What the task asks
Without the pictures, set down everything in the listing exactly.

Data section

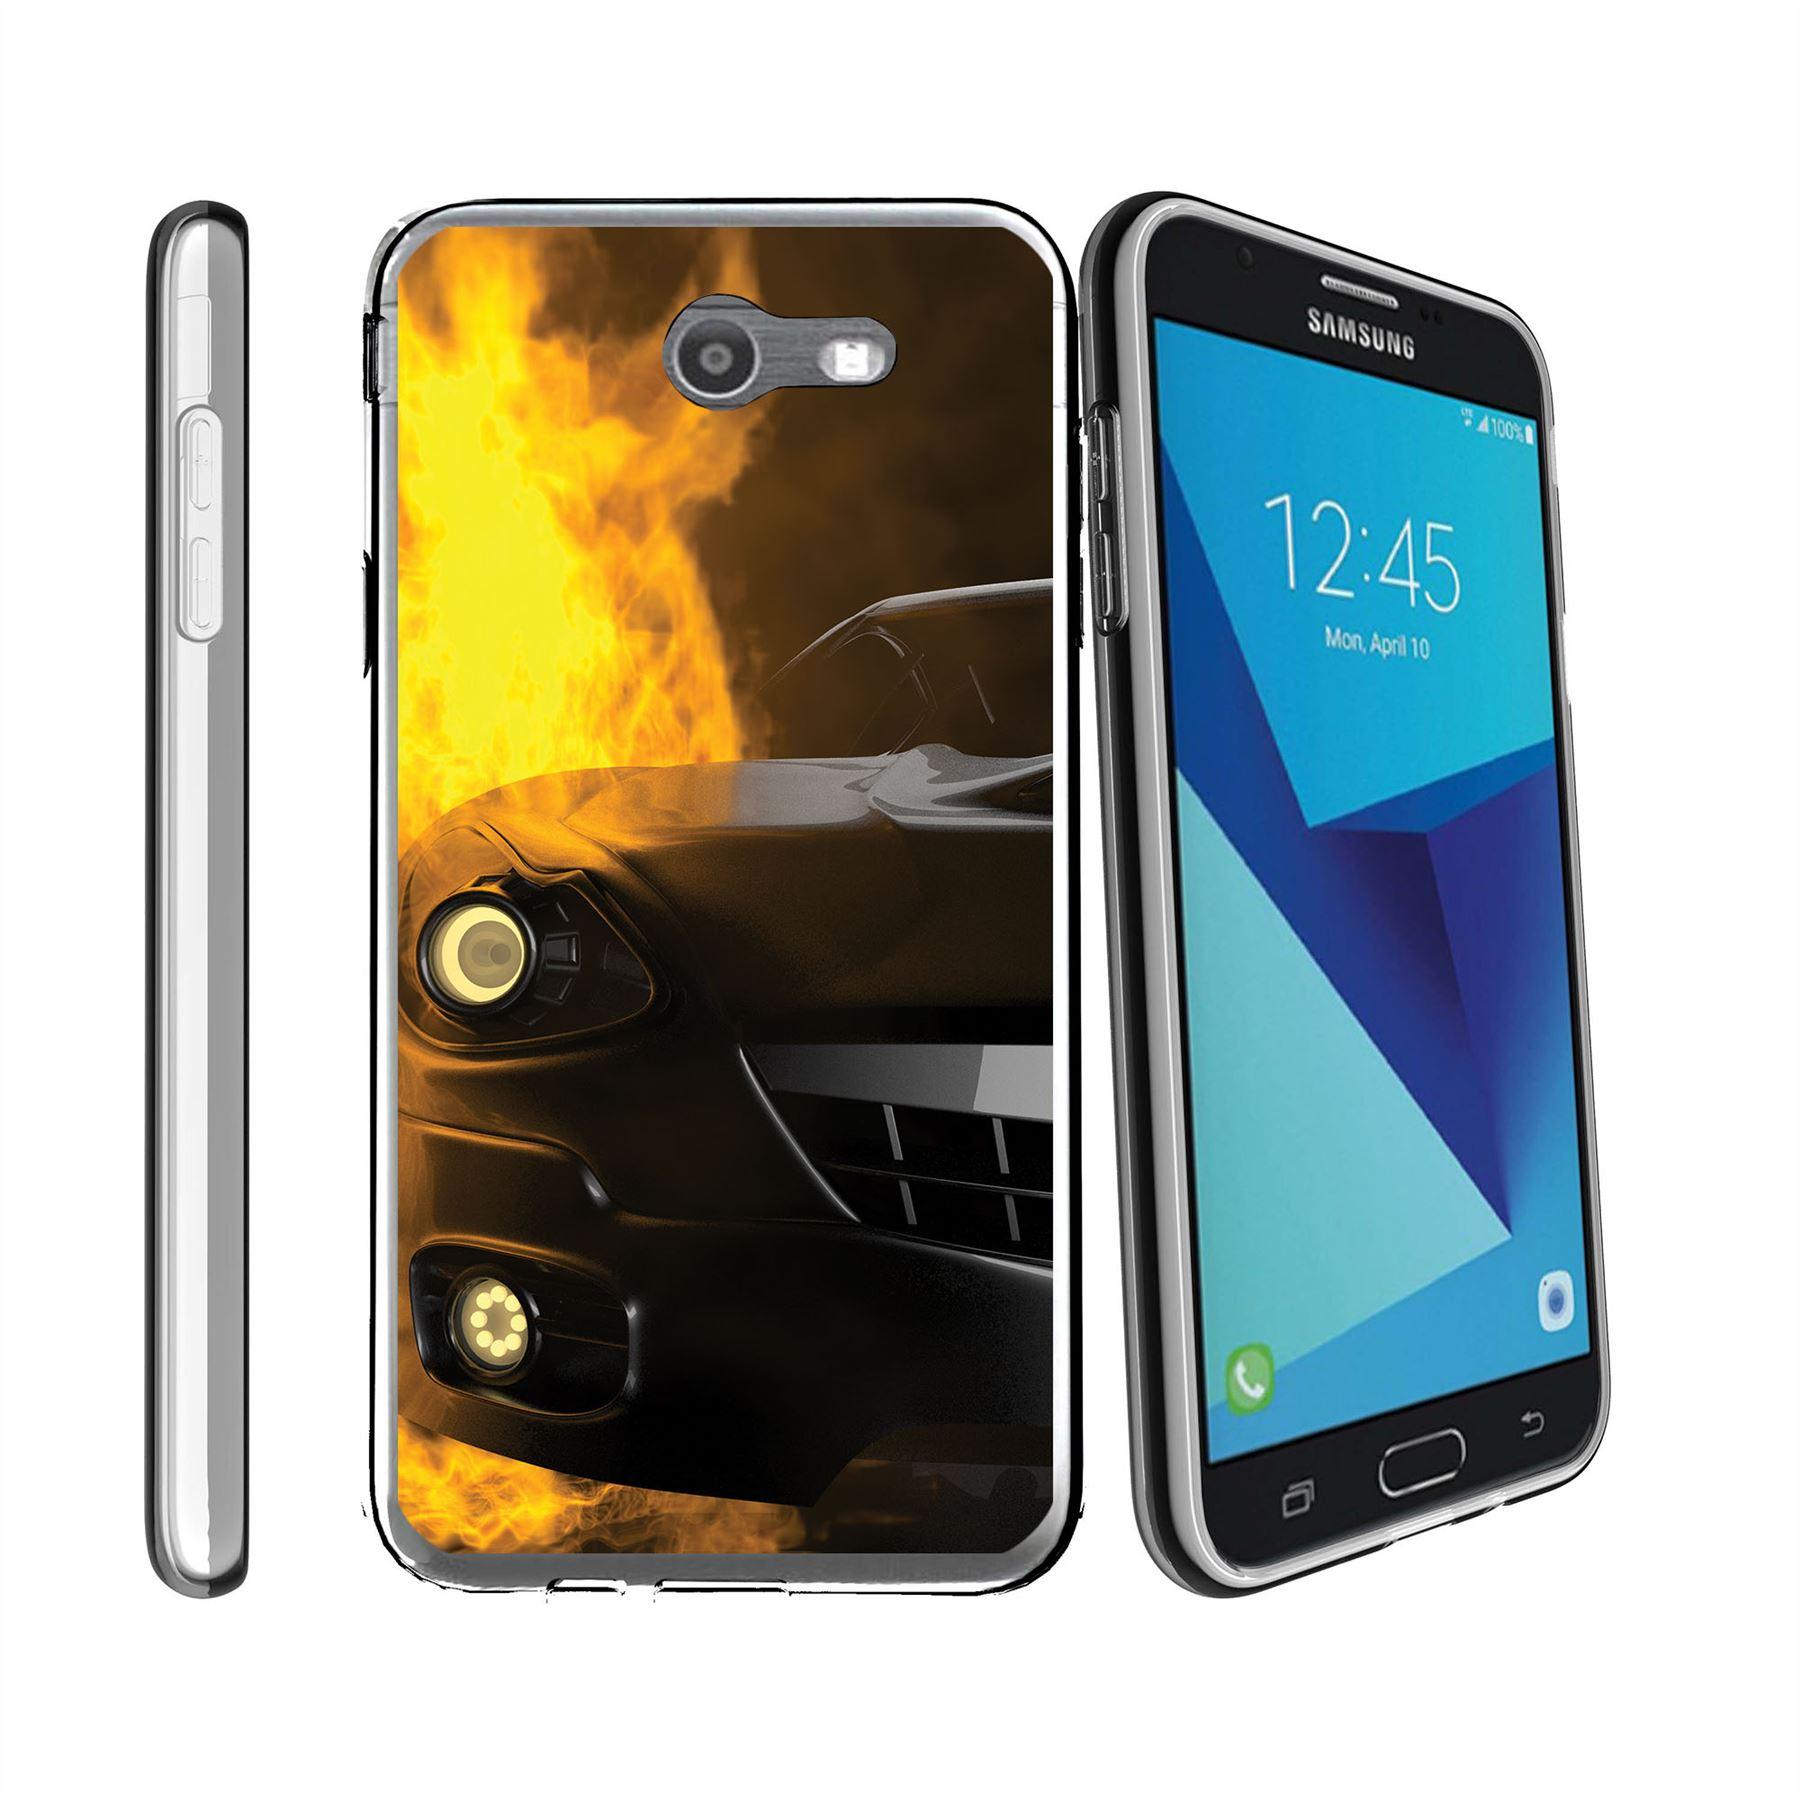 Samsung galaxy J7 sky Pro manual Pdf tracfone unlocked
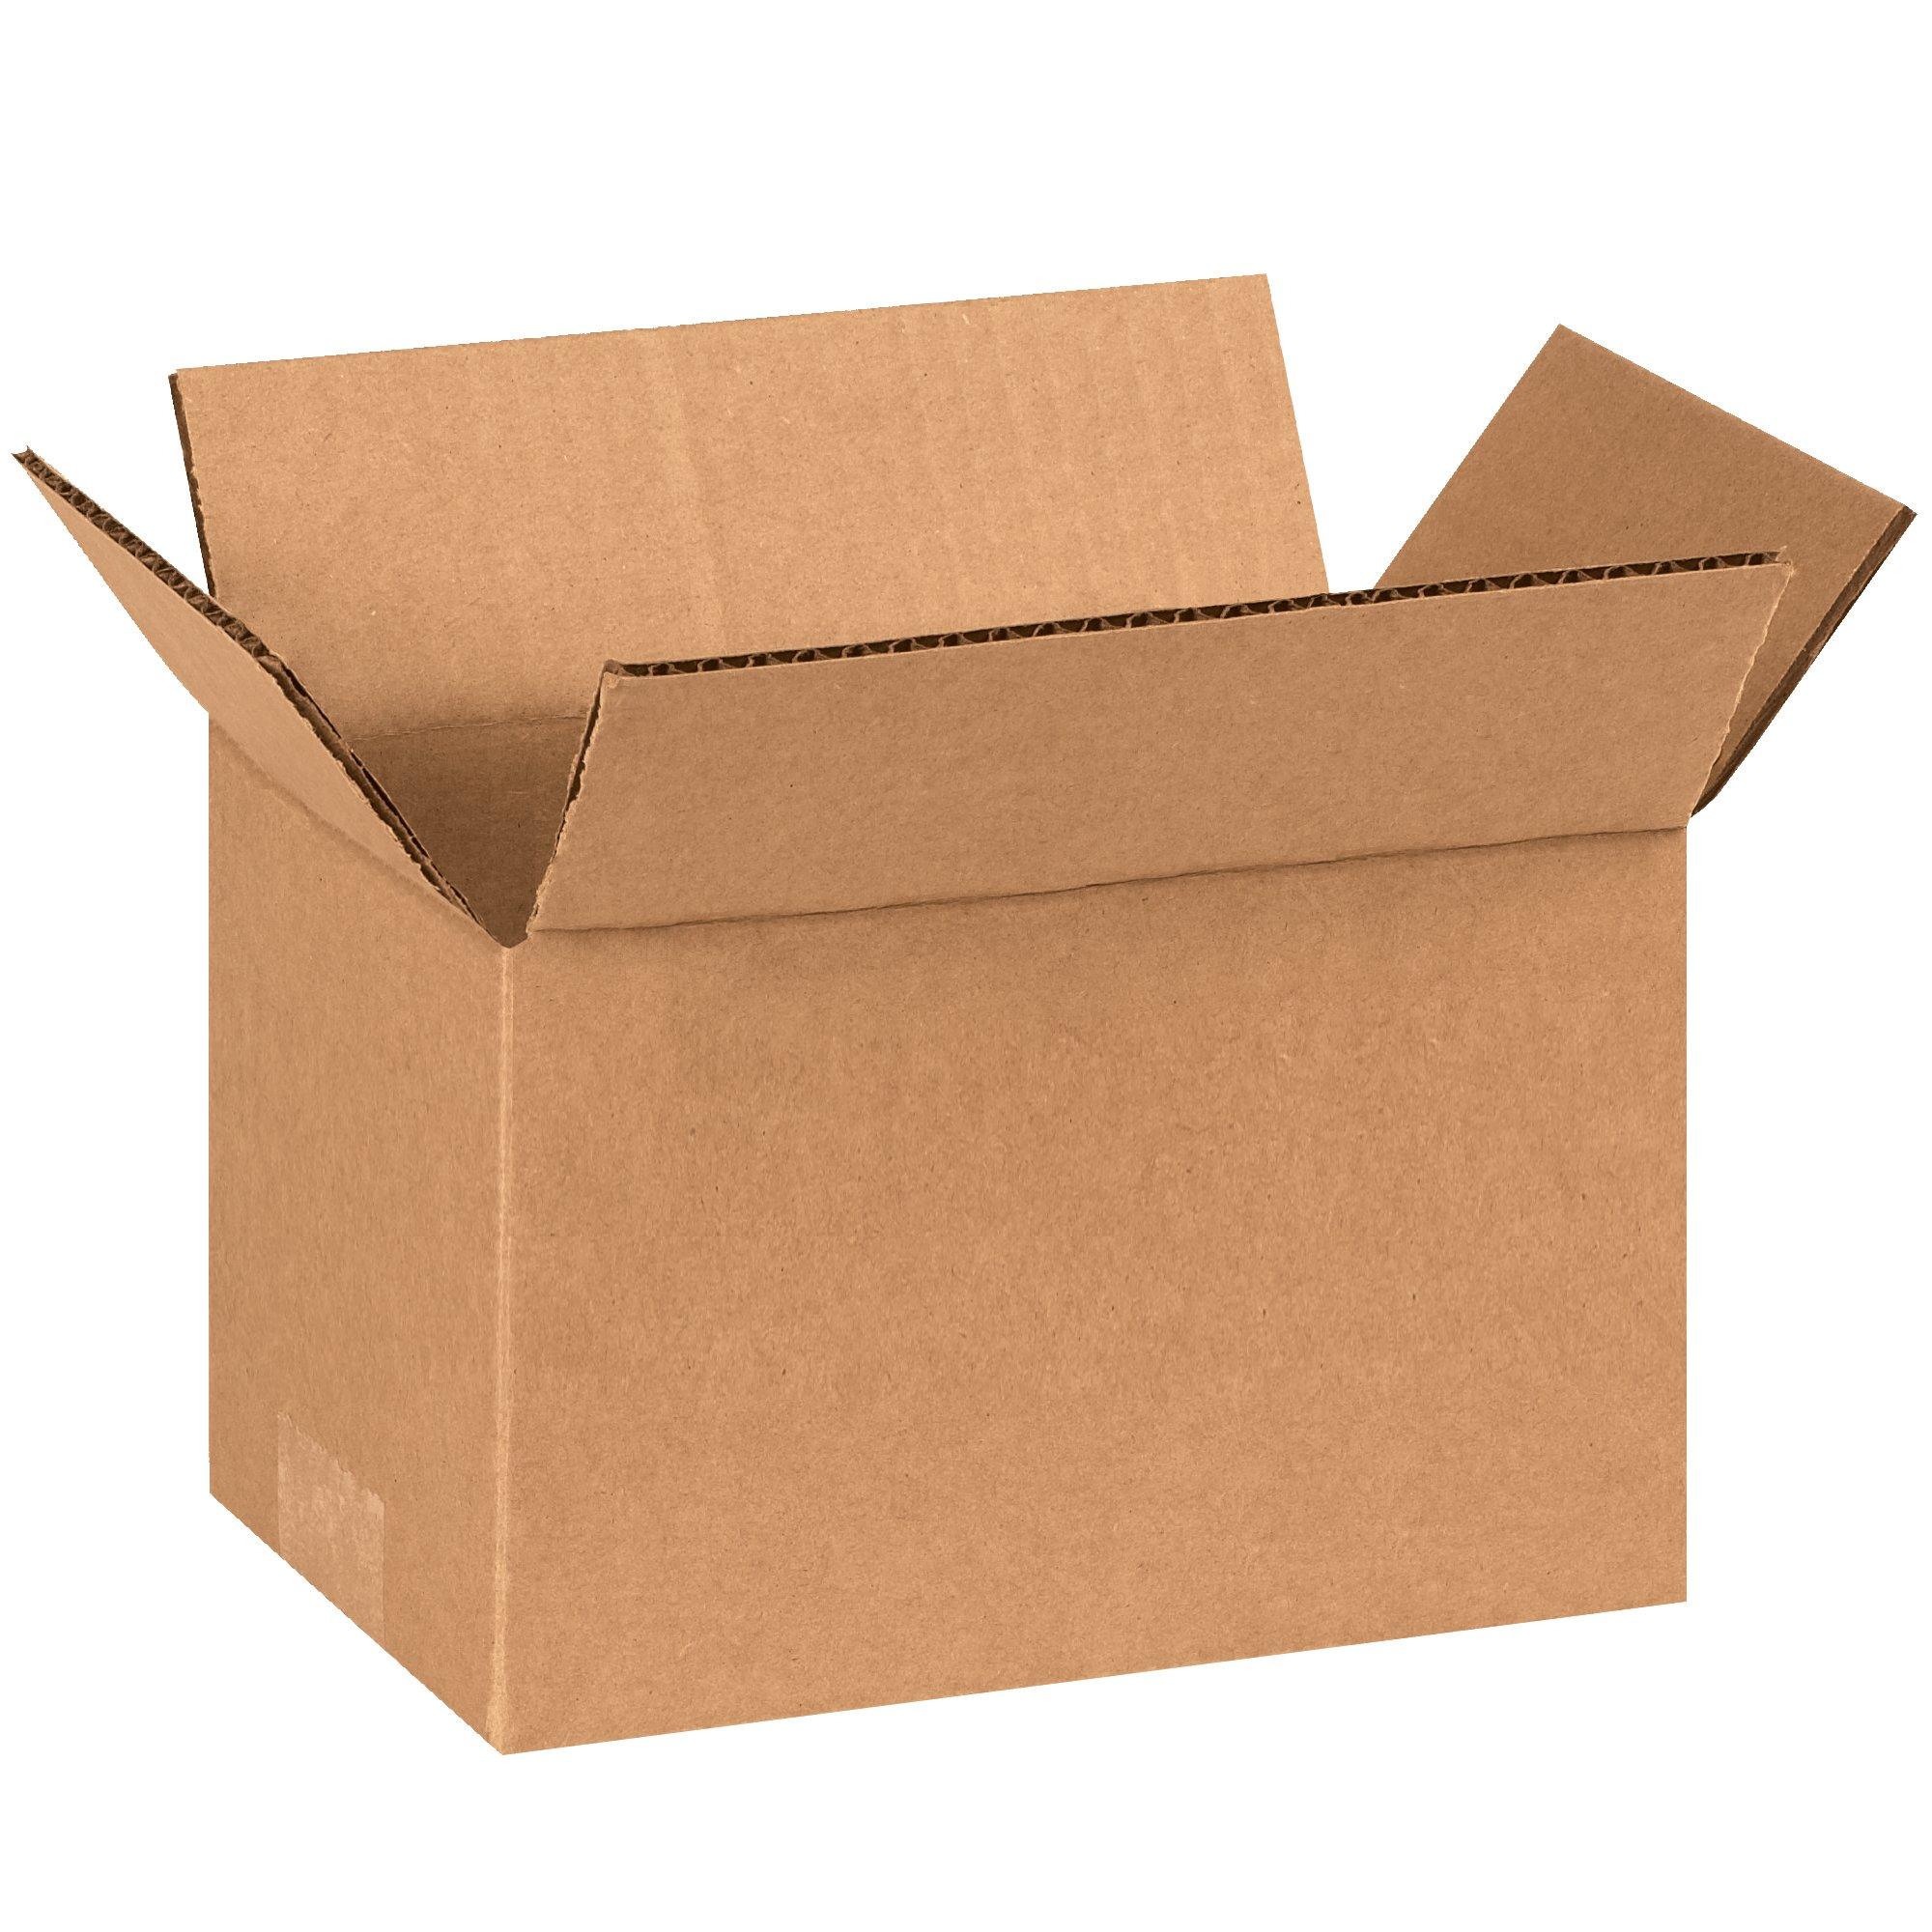 BOX USA B8542000PK Corrugated Boxes, 8''L x 5''W x 4''H, Kraft (Pack of 2000)
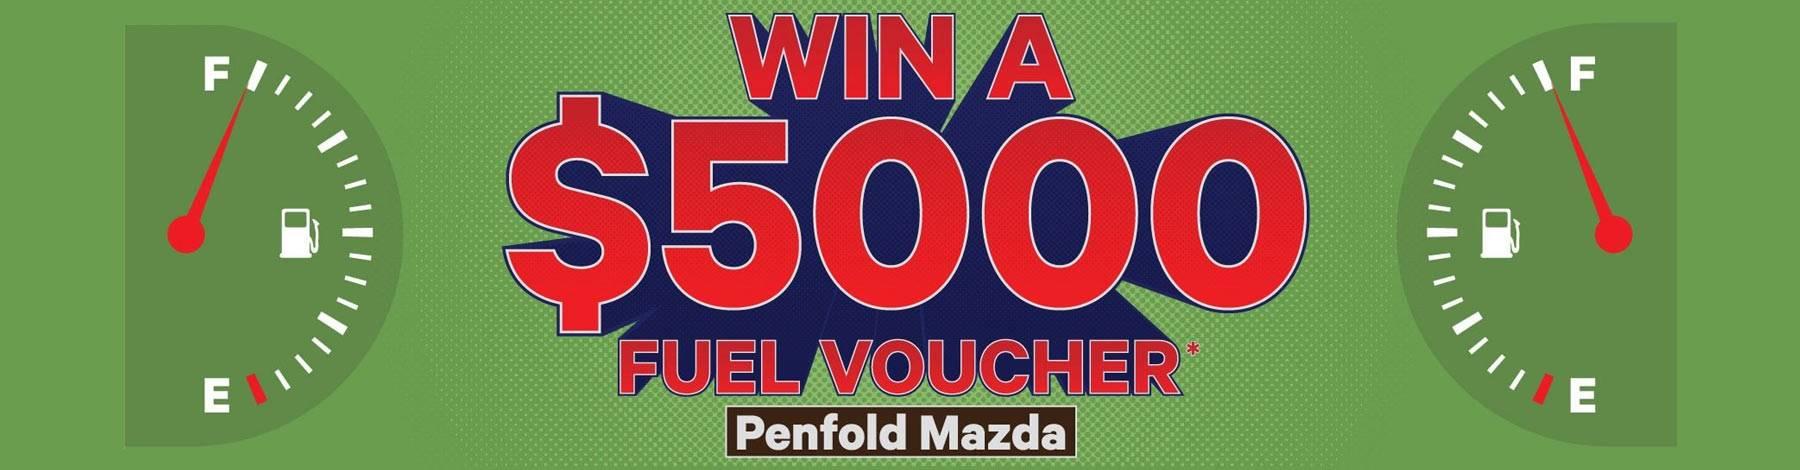 Penfold Mazda Win A Fuel Voucher

The answer
 Samsung galaxy J7 sky Pro manual Pdf tracfone unlocked
 BOX USA B8542000PK Corrugated Boxes, 8''L x 5''W x 4''H, Kraft (Pack of 2000)
 Penfold Mazda Win A Fuel Voucher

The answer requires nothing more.